I prayed and prayed for a Divine intervention.  I asked God to consider all the work that had been done thus far, to continue the work.  

My breathing slowed as I considered my powerlessness in this situation.  “Child,' said the Lion, 'I am telling you your story, not hers. No one is told any story but their own.”  Her journey was not my journey. I was on my own, and it was a faith journey.  

During that entire two hours, it was as if I was someone else, somewhere else.  My sense of reality was suspended.  I don't know how to describe it.  I just did not feel as though I was in reality.  And then, I remembered Psalm 91: "He will cover you with His feathers; and under His wings you will find refuge."  As I recalled this verse, I realized that my head was still under the covers. I was finding refuge in the storm.  

Suddenly, I heard a voice say: "Sing to me."  

I was startled from my stupor, wondering if I heard what I heard. Then, I heard it again, 

"Sing to me."

Ordinarily, I would have probably rolled my eyes and laughed it off, but I was so despondent that I didn't think twice.  I started singing.  First, I tried to muddle my way through "10,000 Reasons" and switched to "Blessed Be the Name of the Lord." 

As I was singing, she came in the door, startled by the wreck she encountered by the window.  

She immediately started talking. . .Nothing happened.  We just talked.  I told him that I was saving myself for marriage.  Nothing happened.  

What do you do?  Do you believe?  She has lied so much in the past.  What does it matter, if she is telling the truth or not?  There is absolutely nothing I can do about it.

I waved her off. My nerves were shot.  Still are.  I have been through so much, unfairly so. Just when I think I can't take it anymore, or I mistakenly think the worst of it has passed, there is a new challenge to push me to the brink all over again.

Worst of all, there is no one you can talk to about this stuff.  You have to just suck it up and suck it in deep. Although this is my story and my journey, I also share it with someone.  I can't share my part of the story without exposing someone else's part. And so, here I sit, stuffing, hiding, pushing through.  

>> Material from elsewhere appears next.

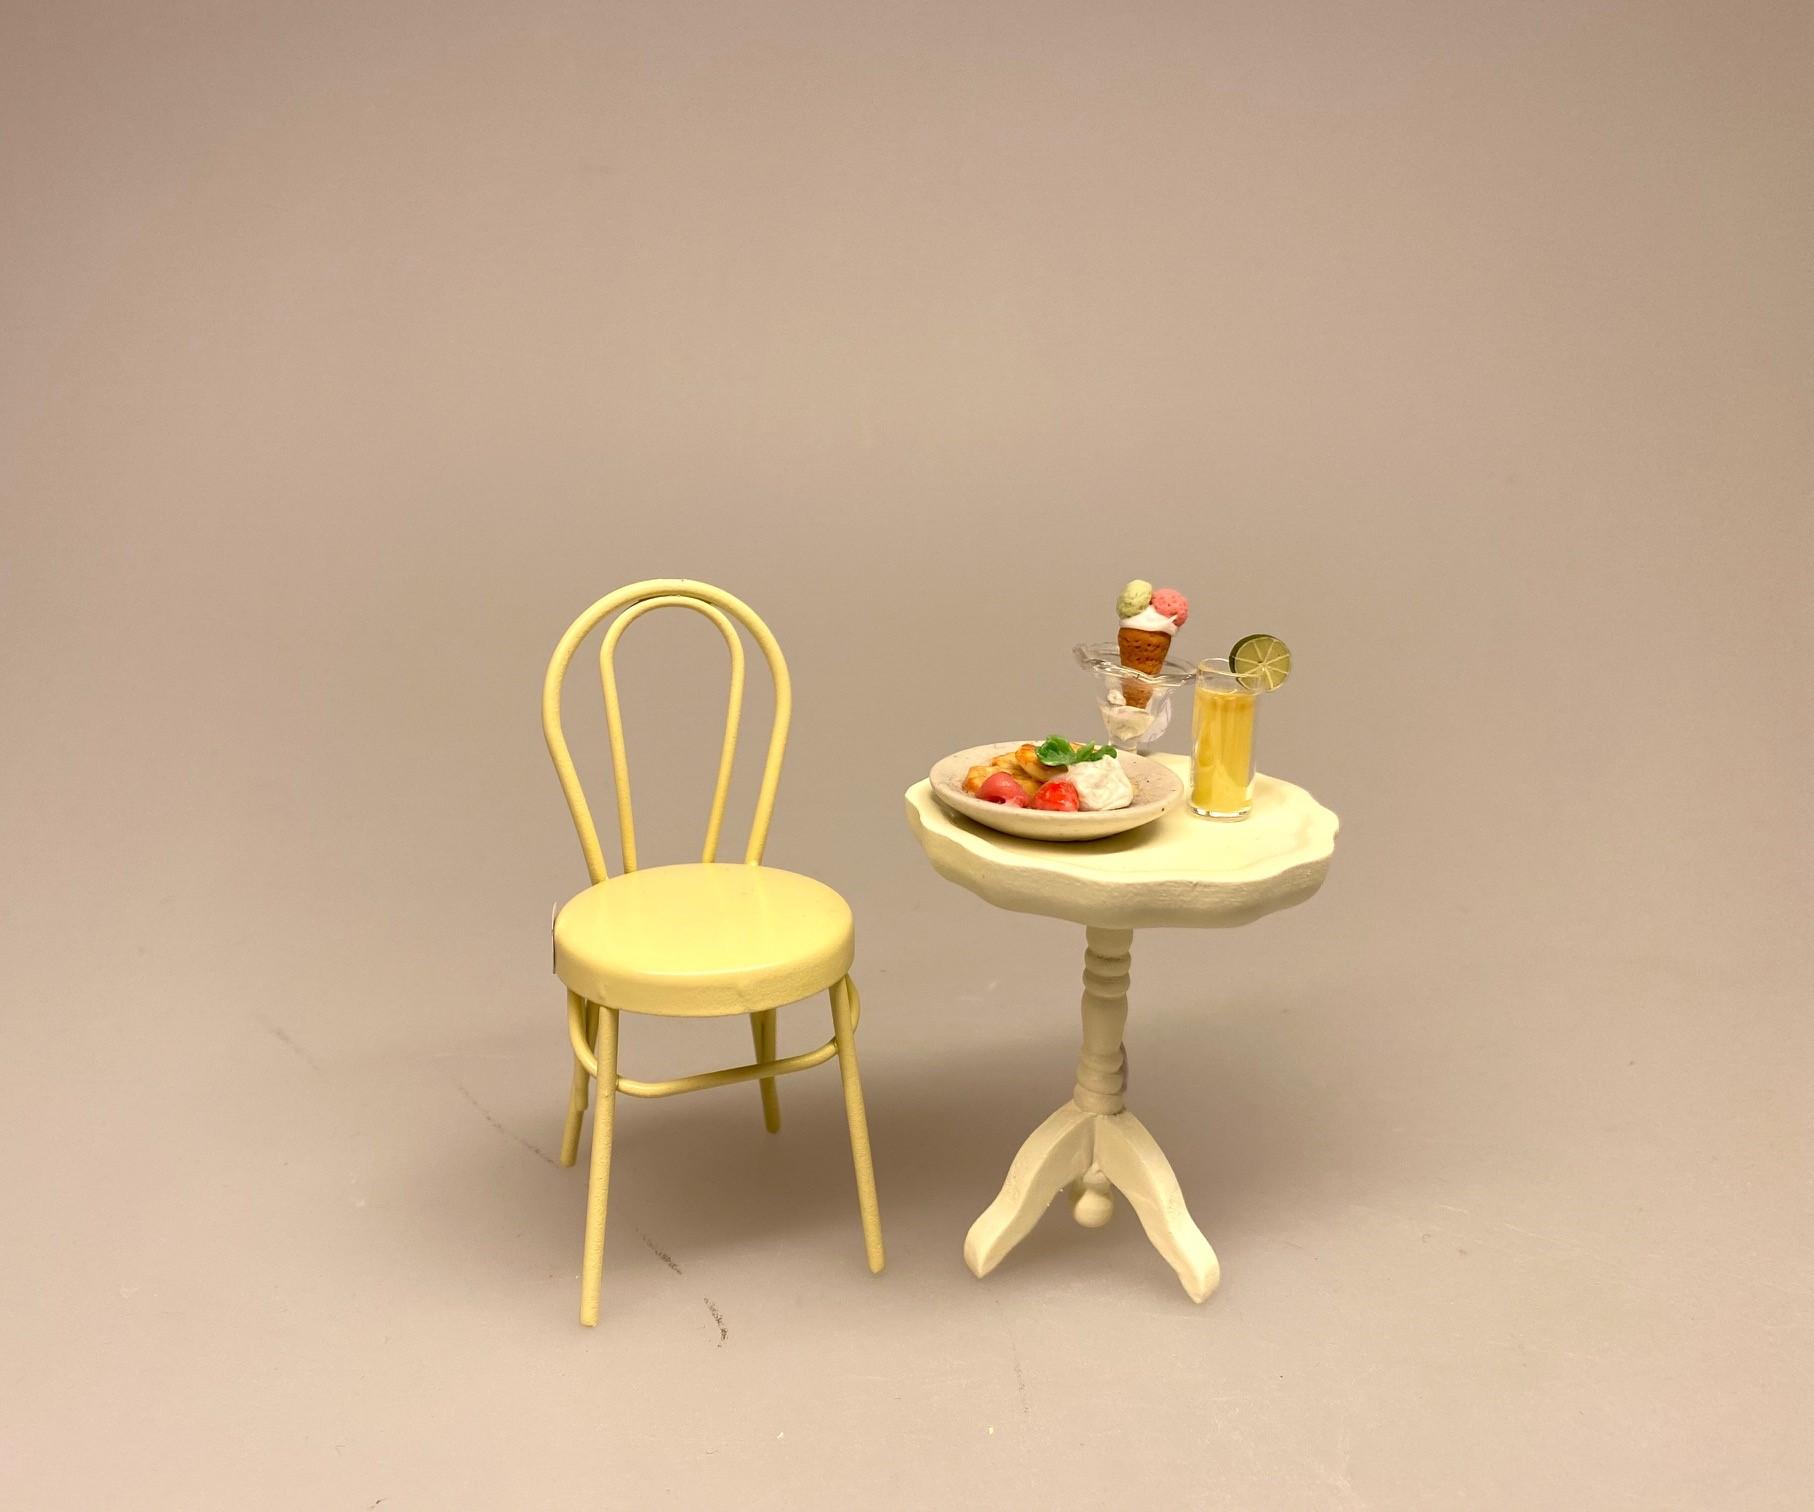 Miniature Metal Stol - Creme, flødefarvet, caféstol, konditori, dukkehus, dukkehusting, dukkemøbler, dukkehusmøbler, dukkestue, dukkehuse, ting til, miniaturer, skala 1/12, 1:12, biti, ribe, små ting, sætterkasse, symbolsk, sangskjuler,

The average observer sees nothing different. I tell myself to smile when I encounter someone.  I always know when I have been frowning for extended periods of time because the pressure of the tightening of the muscles as they lift the corners of my mouth will surprise. It's an unexpected sensation.  I laugh heartily on cue, when expected.  I ask the right questions. I get everything done in the time and quality expected. I am the same person s/he encounters on a daily basis, only a little quieter than I used to be.  

That's because I have lost my voice.  I used to be so vocal about everything, so confident in who I was, as if I thought I was a wise, enlightening person - the one with the answers and logic.  Parenting, teaching, faith. . .you name it, and I felt as though I had it all figured out. Now I know the truth. 

Actually, I haven't lost my voice; I have just  put it away.  I have encased it in stone, because it's not worth hearing.  I prefer to hide in plain sight.

So why am I writing this then?  For two reasons.  First, I need to get rid of this poison inside me.  If I don't release it, it just destroys me.  This is how I process - I get it all out and somehow, I find a direction - a new place to go.  Second, I want it to be crystal clear that I cannot and am not doing this on my own.  Without God, there is no way I could take another step or make it another day.  

So where do we go from here?  I don't know.  I just know that I have to stay close to the Shepherd.  That's the only way I am going to make it through this valley called life.  I envision myself hanging on to His belt, my eyes trained on the details of that belt.  When I look to the right or to the left, or when I let go of the belt, I immediately find myself alone, wandering, and crying in the dark.  Following His lead and sticking close to His side are the only options at this point.